Congress has power of reapportionment of

legislative districts
Montejo vs. COMELEC, G.R. No. 118702, March 16, 1995
It may well be that the conversion of Biliran from a subprovince to a regular province brought about an imbalance in
the distribution of voters and inhabitants in the five (5)
legislative districts of the province of Leyte. This imbalance,
depending on its degree, could devalue a citizens vote in
violation of the equal protection clause of the Constitution.
Be that as it may, it is not proper at this time for petitioner to
raise this issue using the case at bench as his legal vehicle.
The issue involves a problem of reapportionment of
legislative districts and petitioners remedy lies with
Congress. Sec. 5(4), Art. VI of the Constitution categorically
gives Congress the power to reapportion, thus: Within three
(3) years following the return of every census, the Congress
shall make a reapportionment of legislative districts based on
the standards provided in this section. In Macias v. COMELEC,

we ruled that the validity of a legislative apportionment is a

justiciable question. But while this Court can strike down
an unconstitutional reapportionment, it cannot itself make
the reapportionment as petitioner would want us to do by
directing respondent COMELEC to transfer the municipality of
Tolosa from the First District to the Second District of the
province of Leyte.

Congress may increase its present

Tobias vs. Abalos, G.R. No. L-114783, Dec. 8, 1994
As to the contention that the assailed law violates the
present limit on the number of representatives as set forth in
the Constitution, a reading of the applicable provision, Art. VI,
Sec. 5(1), as aforequoted, shows that the present limit of 250
members is not absolute. The Constitution clearly provides
that the House of Representatives shall be composed of not
more than 250 members, unless otherwise provided by law.
The inescapable import of the latter clause is that the
present composition of Congress may be increased, if
Congress itself so mandates through a legislative enactment.
Therefore, the increase in congressional representation
mandated by RA 7675 is not unconstitutional.
As to the contention that Sec. 49 of RA 7675 in effect
preempts the right of Congress to reapportion legislative
districts, the said argument borders on the absurd since
petitioners overlook the glaring fact that it was Congress
itself which drafted, deliberated upon and enacted the
assailed law, including Sec. 49 thereof. Congress cannot
possibly preempt itself on a right which pertains to itself.

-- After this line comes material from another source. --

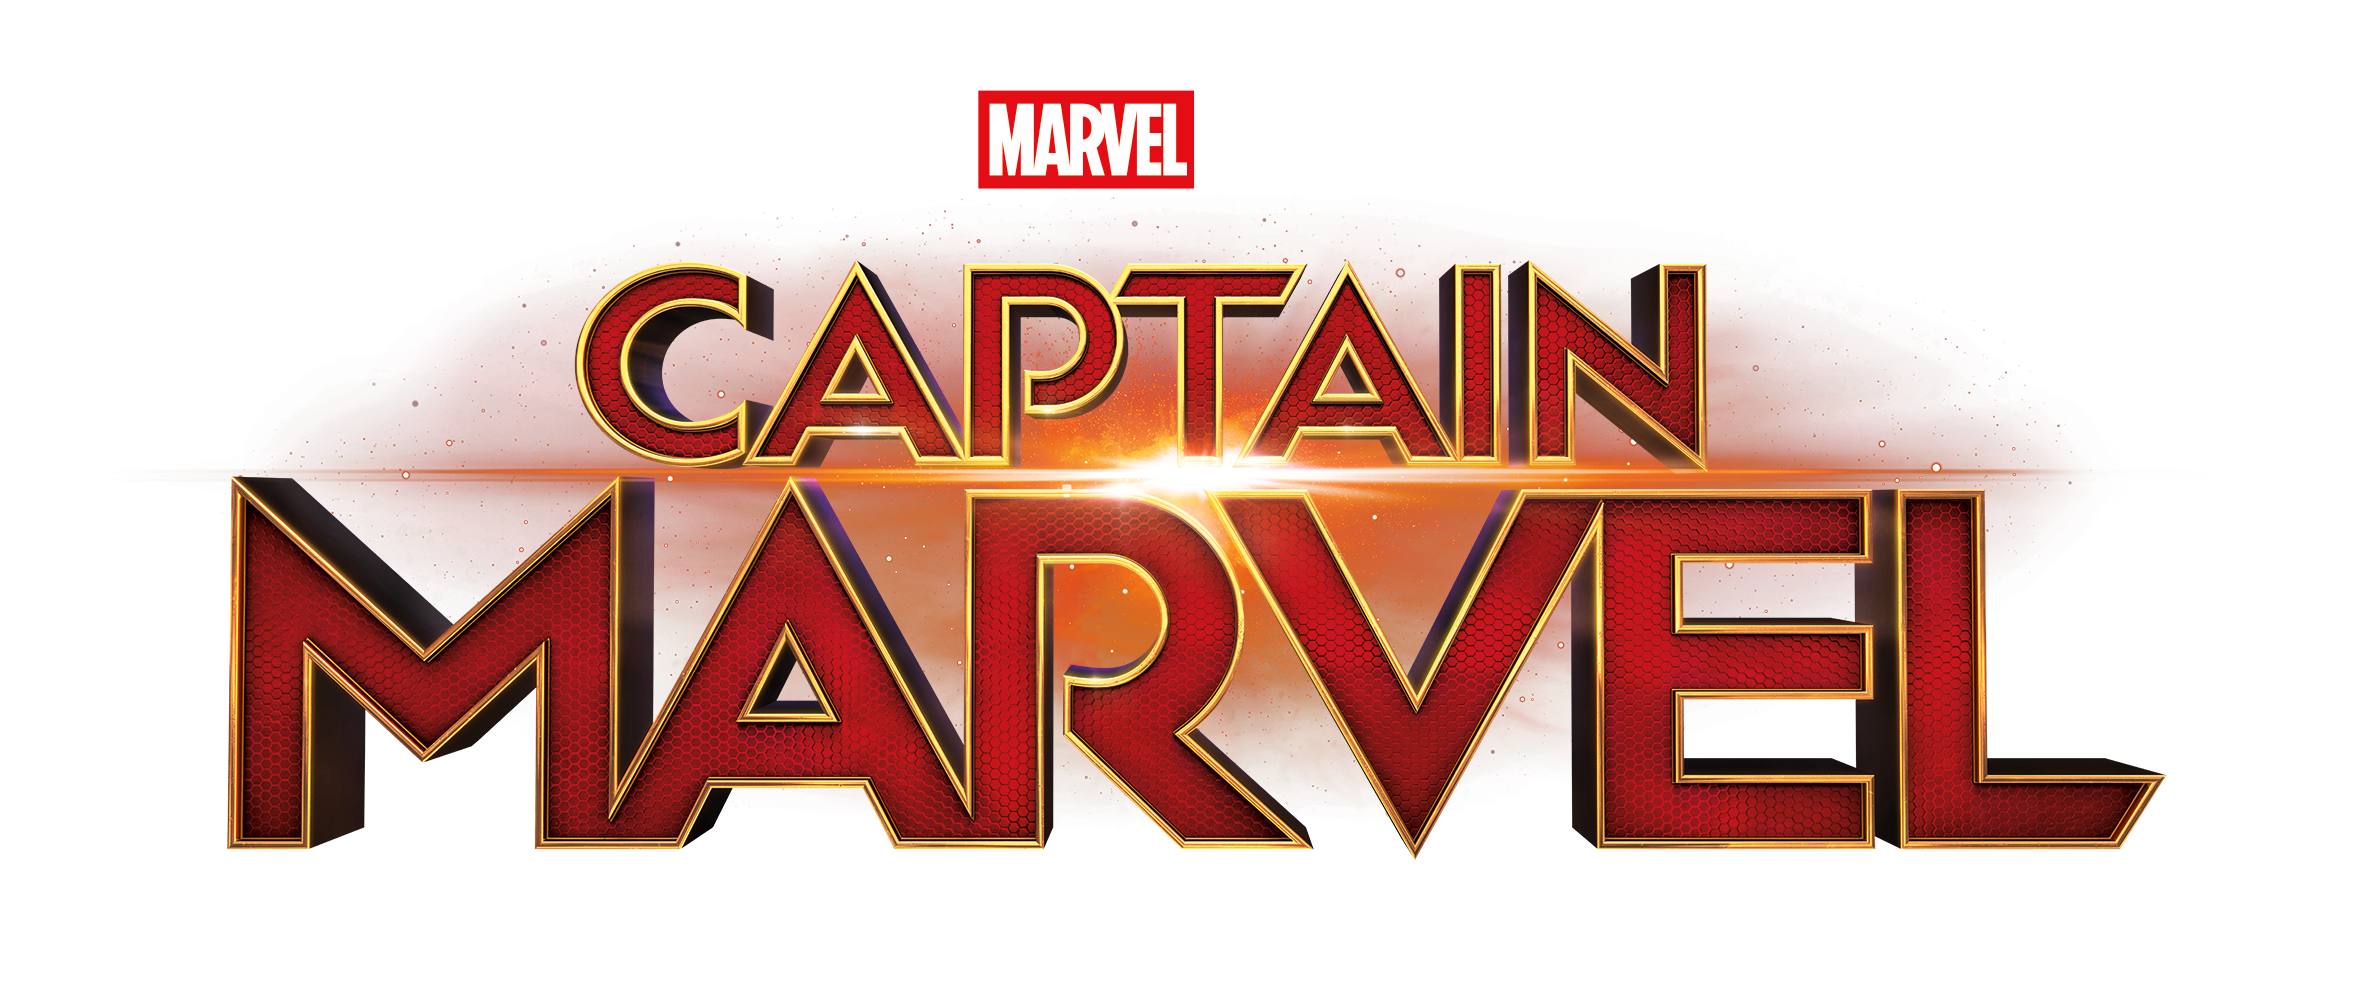 Captain Marvel logo
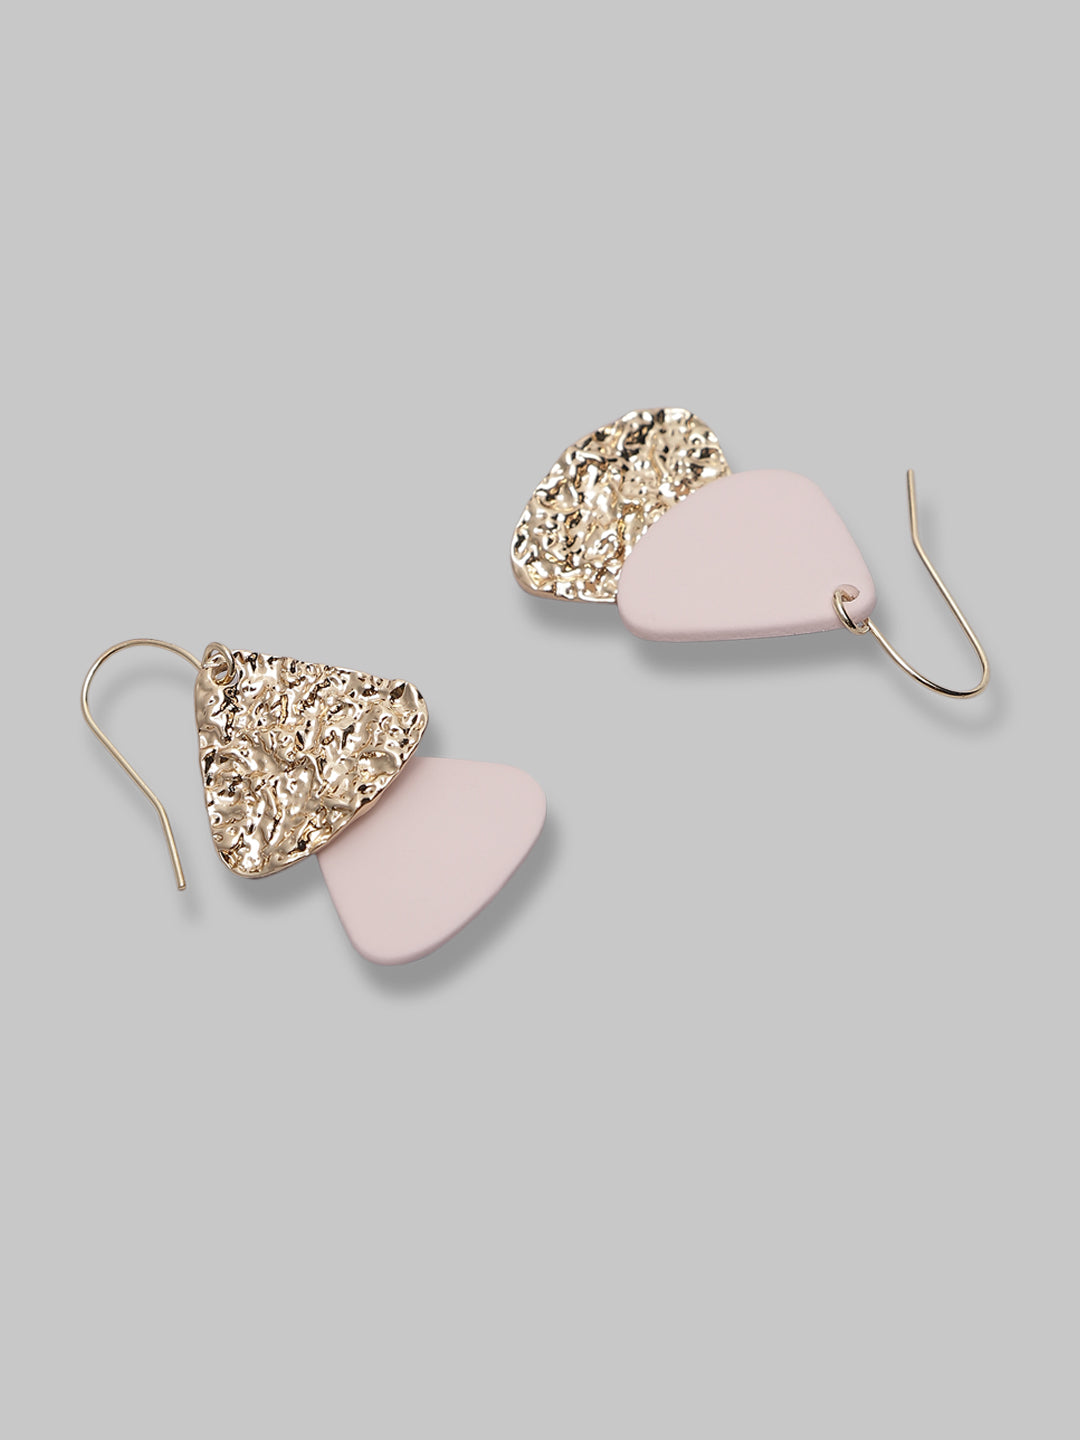 Brass Metal Triangle Teardrop Earrings For Women And Girls

Petitioners contend that the people of San Juan should have
been made to participate in the plebiscite on RA 7675 as the
same involved a change in their legislative district. The
contention is bereft of merit since the principal subject
involved in the plebiscite was the conversion of Mandaluyong
into a highly urbanized city. The matter of separate district
representation was only ancillary thereto. Thus, the
inhabitants of San Juan were properly excluded from the said
plebiscite as they had nothing to do with the change of
status of neighboring Mandaluyong.
Similarly, petitioners additional argument that the subject
law has resulted in gerrymandering, which is the practice
of creating legislative districts to favor a particular candidate
or party, is not worthy of credence. As correctly observed by
the Solicitor General, it should be noted that Rep. Ronaldo
Zamora, the author of the assailed law, is the incumbent
representative of the former San Juan/Mandaluyong district,
having consistently won in both localities. By dividing San
Juan/Mandaluyong, Rep. Zamoras constituency has in fact
been diminished, which development could hardly be
considered as favorable to him.
Party-list System: Inviolable parameters to determine the
winners; Computation
Veterans Federation Party vs. Comelec, G.R. No. 136781, Oct.
6, 2000
To determine the winners in a Philippine-style party-list
election, the Constitution and RA 7941 mandate at least four
inviolable parameters. These are:
First, the twenty percent allocation the combined number of

all party-list congressmen shall not exceed twenty percent of

the total membership of the House of Representatives,
including those elected under the party list.
Second, the two percent threshold only those parties
garnering a minimum of two percent of the total valid votes
cast for the party-list system are qualified to have a seat in
the House of Representatives;
Third, the three-seat limit each qualified party, regardless
of the number of votes it actually obtained, is entitled to a
maximum of three seats; that is, one qualifying and two
additional seats.
Fourth, proportional representation the additional seats
which a qualified party is entitled to shall be computed in
proportion to their total number of votes.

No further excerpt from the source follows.